Absolutely! The SBA 7(a) loan program is a renowned financing option for acquiring businesses in East Franklin. These loans can provide funding for up to $5 million financing available with repayment terms lasting up to 25 years if real estate is involved. Interest rates are typically linked to the prime rate plus a margin. It's critical to note that a minimum equity injection is required, and applicants should have relevant industry experience. The target business should exhibit a healthy cash flow to meet debt obligations, along with a DSCR of between 1.15x and 1.25x. In certain cases, seller notes can contribute to your equity requirement, and the loan may cover various costs, including goodwill and working capital.
Typically, an SBA 7(a) loan will require a personal credit score of at least a minimum score of 680, although some lenders might accept scores in the range of 650, especially if you possess strong industry experience or other compensating factors. For traditional bank loans, a score of 700 or higheris often the norm. Alternative lenders may even consider scores as low as 600 if the business's financials are robust and sufficient collateral is available. Remember, better credit scores usually translate into improved interest rates and terms.

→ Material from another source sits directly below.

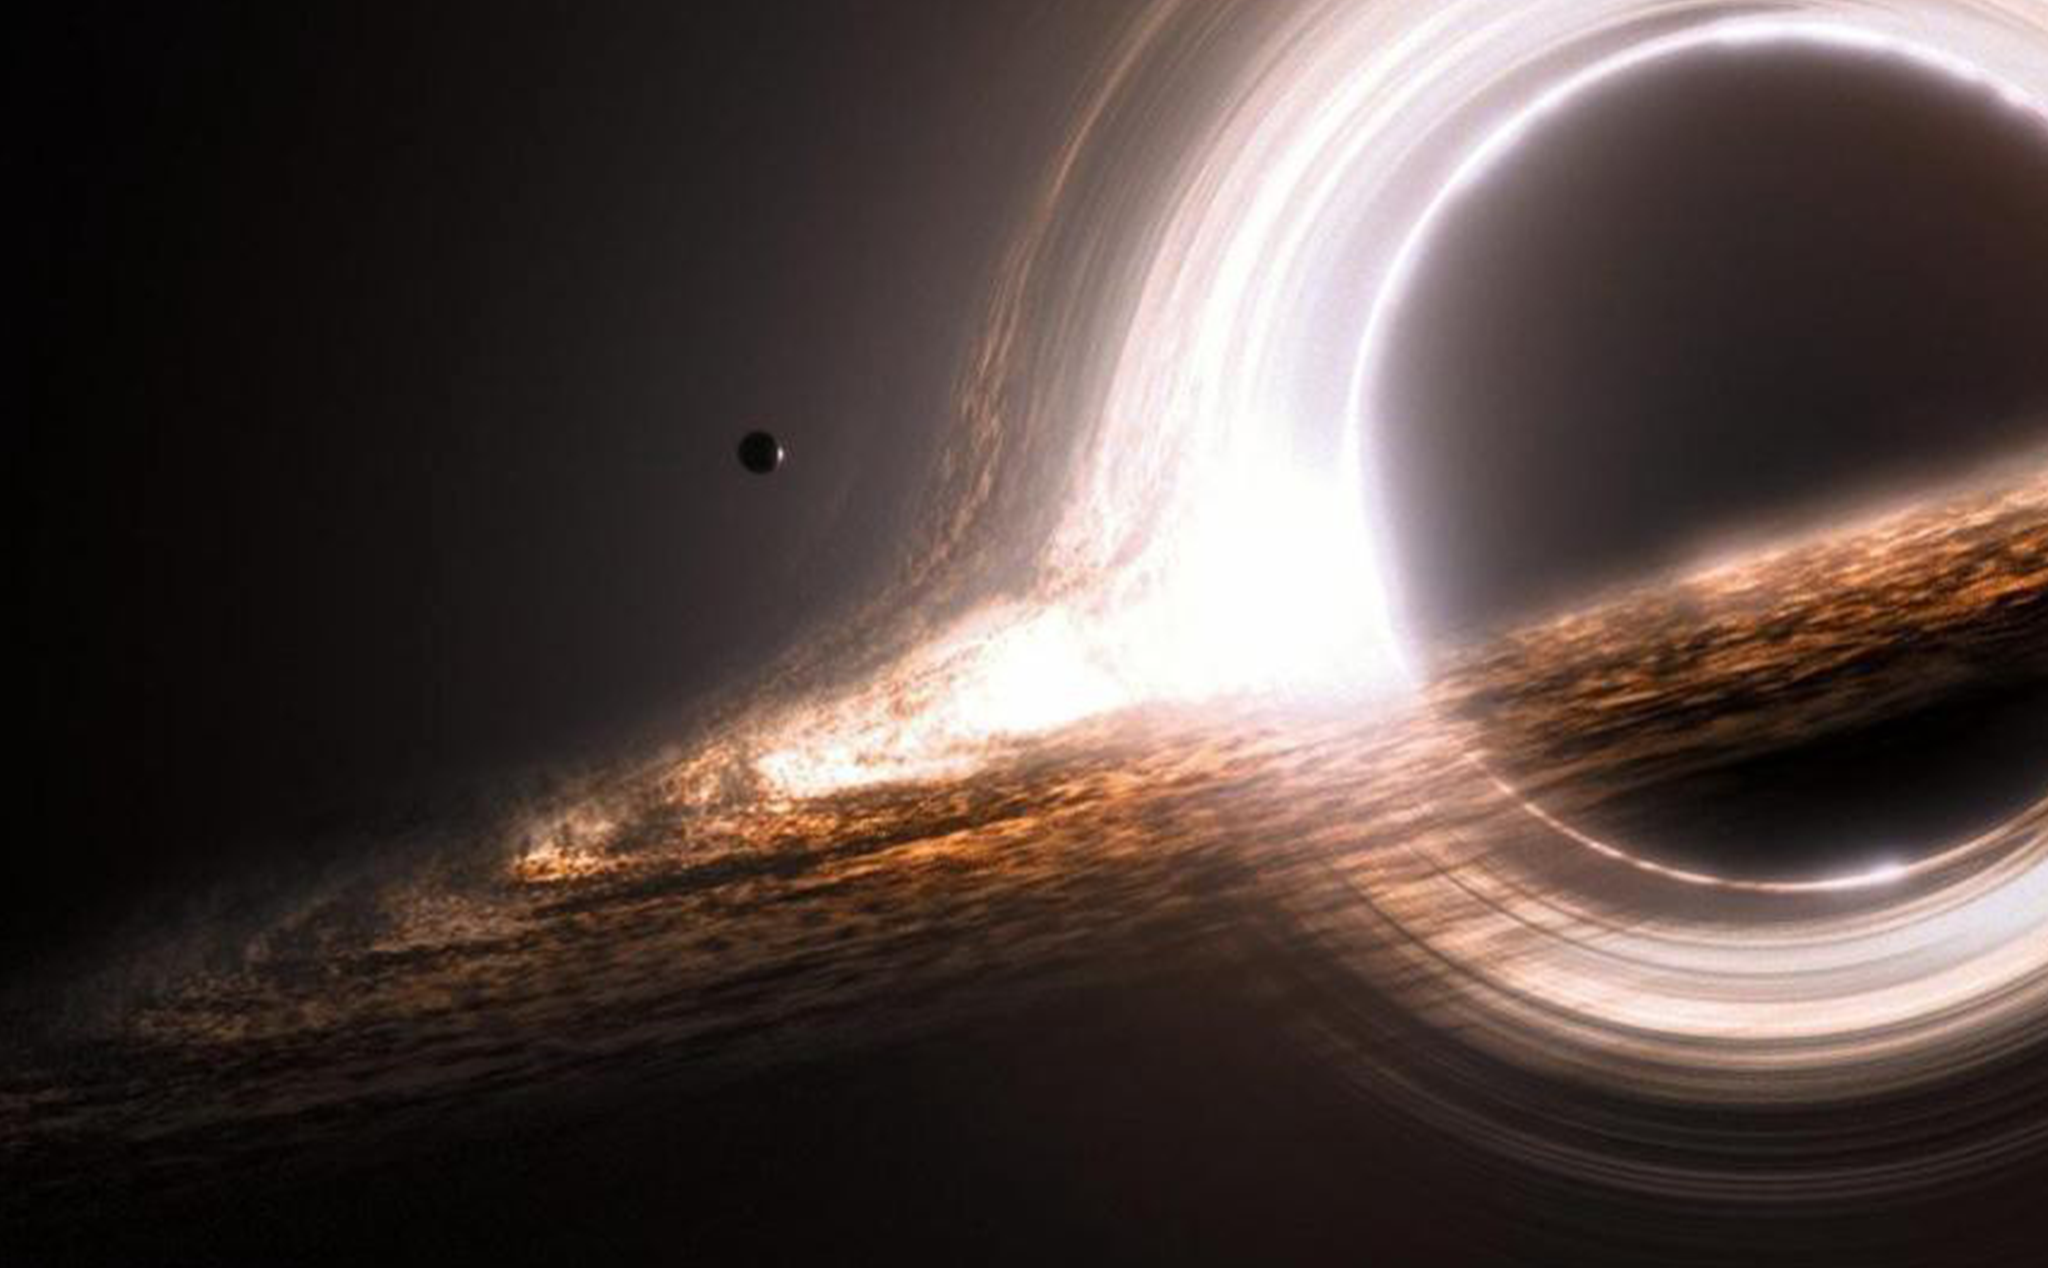 Hố đen vũ trụ là một trong những điều kỳ diệu nhất trong vũ trụ! Hãy xem hình ảnh để tìm hiểu thêm về cách chúng hoạt động và tác động đến các hành tinh và thiên thể gần đó.

Valuation approaches can vary considerably based on the size and nature of the business in question. For smaller establishments generating under $5 million in revenue, the Multiple on Seller's Discretionary Earnings (SDE)is a frequently used method, typically valuing the business at two to four times its adjusted annual earnings. For larger entities, lenders often utilize the Using the EBITDA multiples approach which usually falls within a 3x to 6x range. They might also assess Assessing through asset-based metrics (calculating the fair market value of tangible assets after subtracting liabilities), Evaluating via discounted cash flow (DCF) assessments for rapidly expanding businesses, or even comparable sales data from close market competitors. It’s common for SBA lenders to enlist a third-party appraiser to verify that the asking price is reasonable.

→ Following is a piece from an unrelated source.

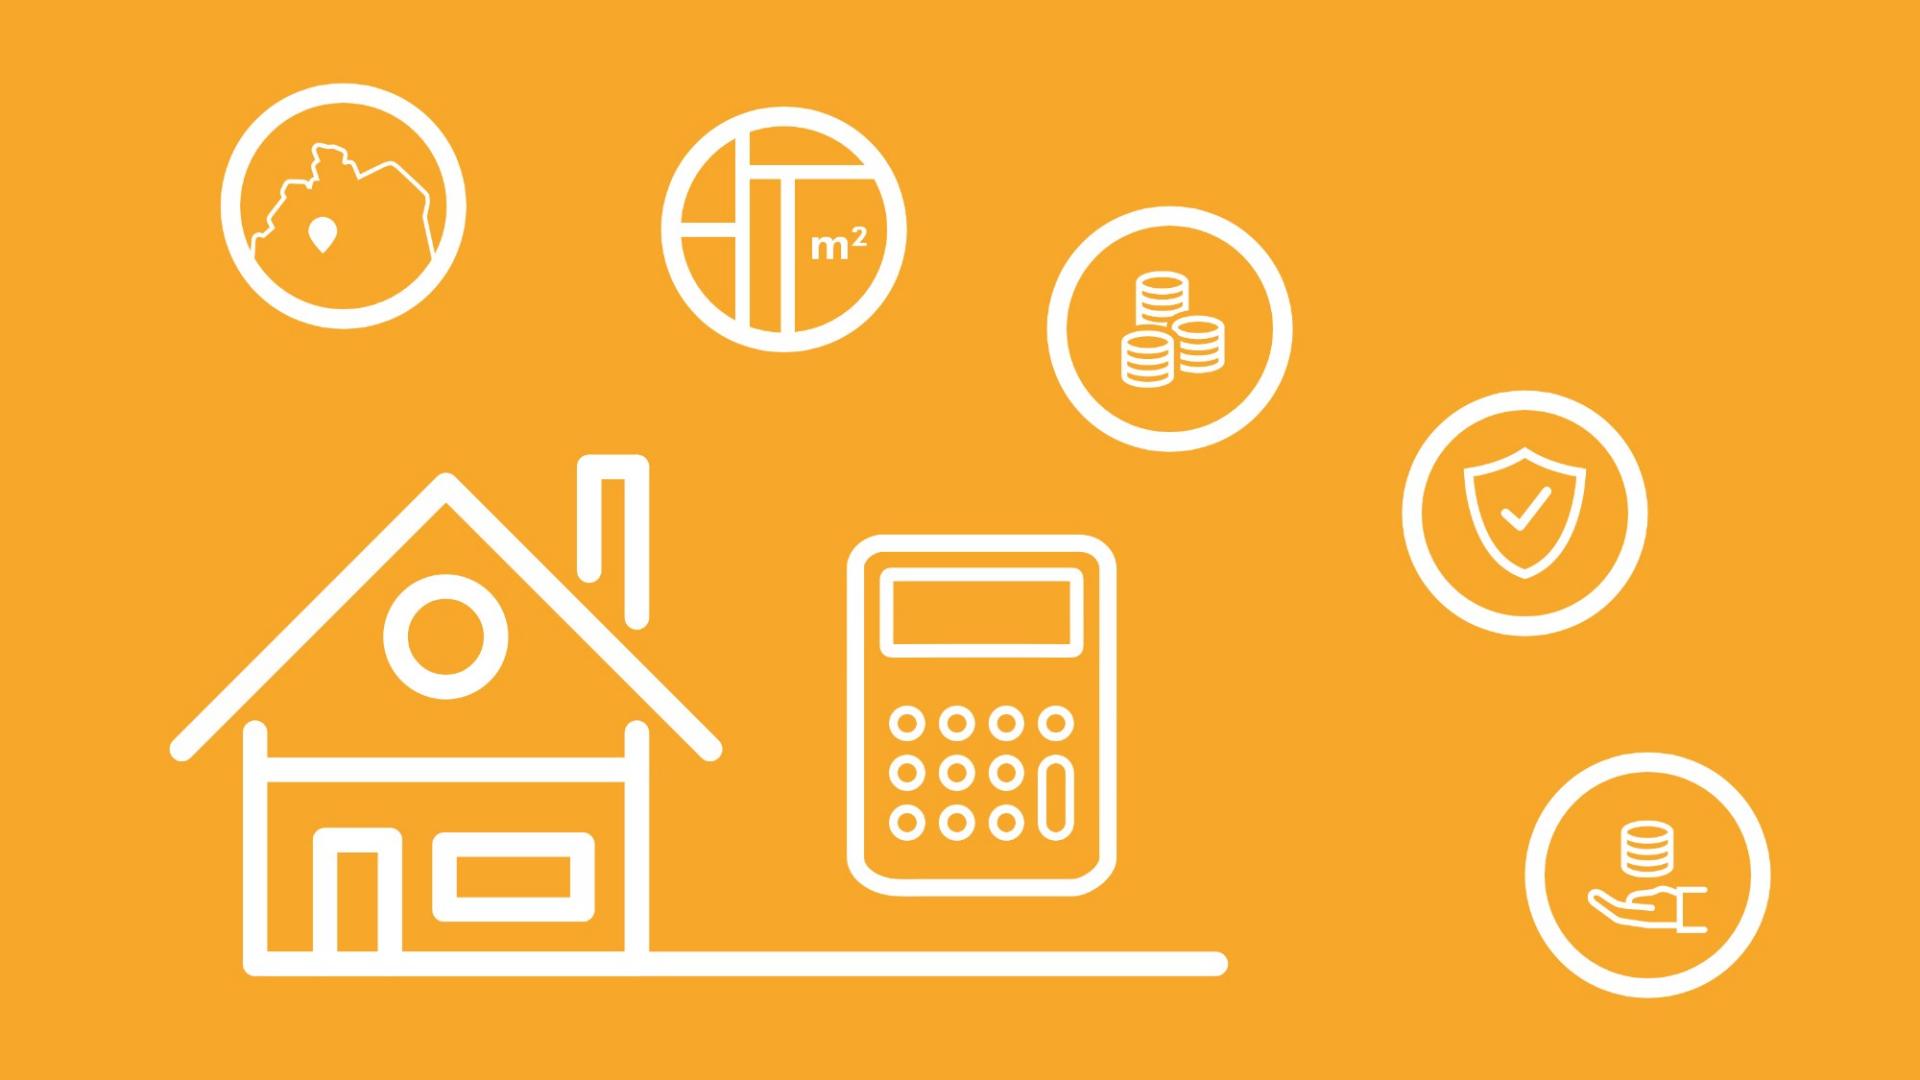 Um ein Haus und einen Rechner herum sind die Faktoren im Icon-Stil angeordnet, welche die Hausratversicherung Kosten beeinflussen.

You can expect that SBA 7(a) loans usually take about 45 to 90 days to close, which hinges on factors like SBA approval timelines, business valuations, and the necessary due diligence from both buyer and seller. In contrast, conventional bank loans may have slightly different timelines. Expect a typical closing timeframe of 30 to 60 days for most loans.In some cases, seller-financed agreements without bank participation can wrap up in a shorter period. On average, you might see a timeframe of about 2 to 4 weeks.The complete acquisition cycle—from the initial intent letter to due diligence, financing, legal steps, and finalizing the deal—usually takes 3-6 months several weeks. Keep in mind, more complicated transactions might extend this period, especially if they involve multiple sites or delayed regulatory approvals.
Seller financing options are available , also known as a seller note, occurs when a business seller opts to finance some of the purchase directly, rather than requiring a total cash payment upfront. The buyer then makes consistent payments to the seller over a specified duration—typically around 3 to 7 years . This option not only lessens the immediate cash burden for buyers but also reflects the seller's belief in the business's value, acting as a bridge for additional funding that may be required beyond the primary loan.
Free. No obligation. 3-minute process.
Pre-qualify in 3 minutes. Compare acquisition loan offers from experienced SBA and conventional lenders with zero credit impact.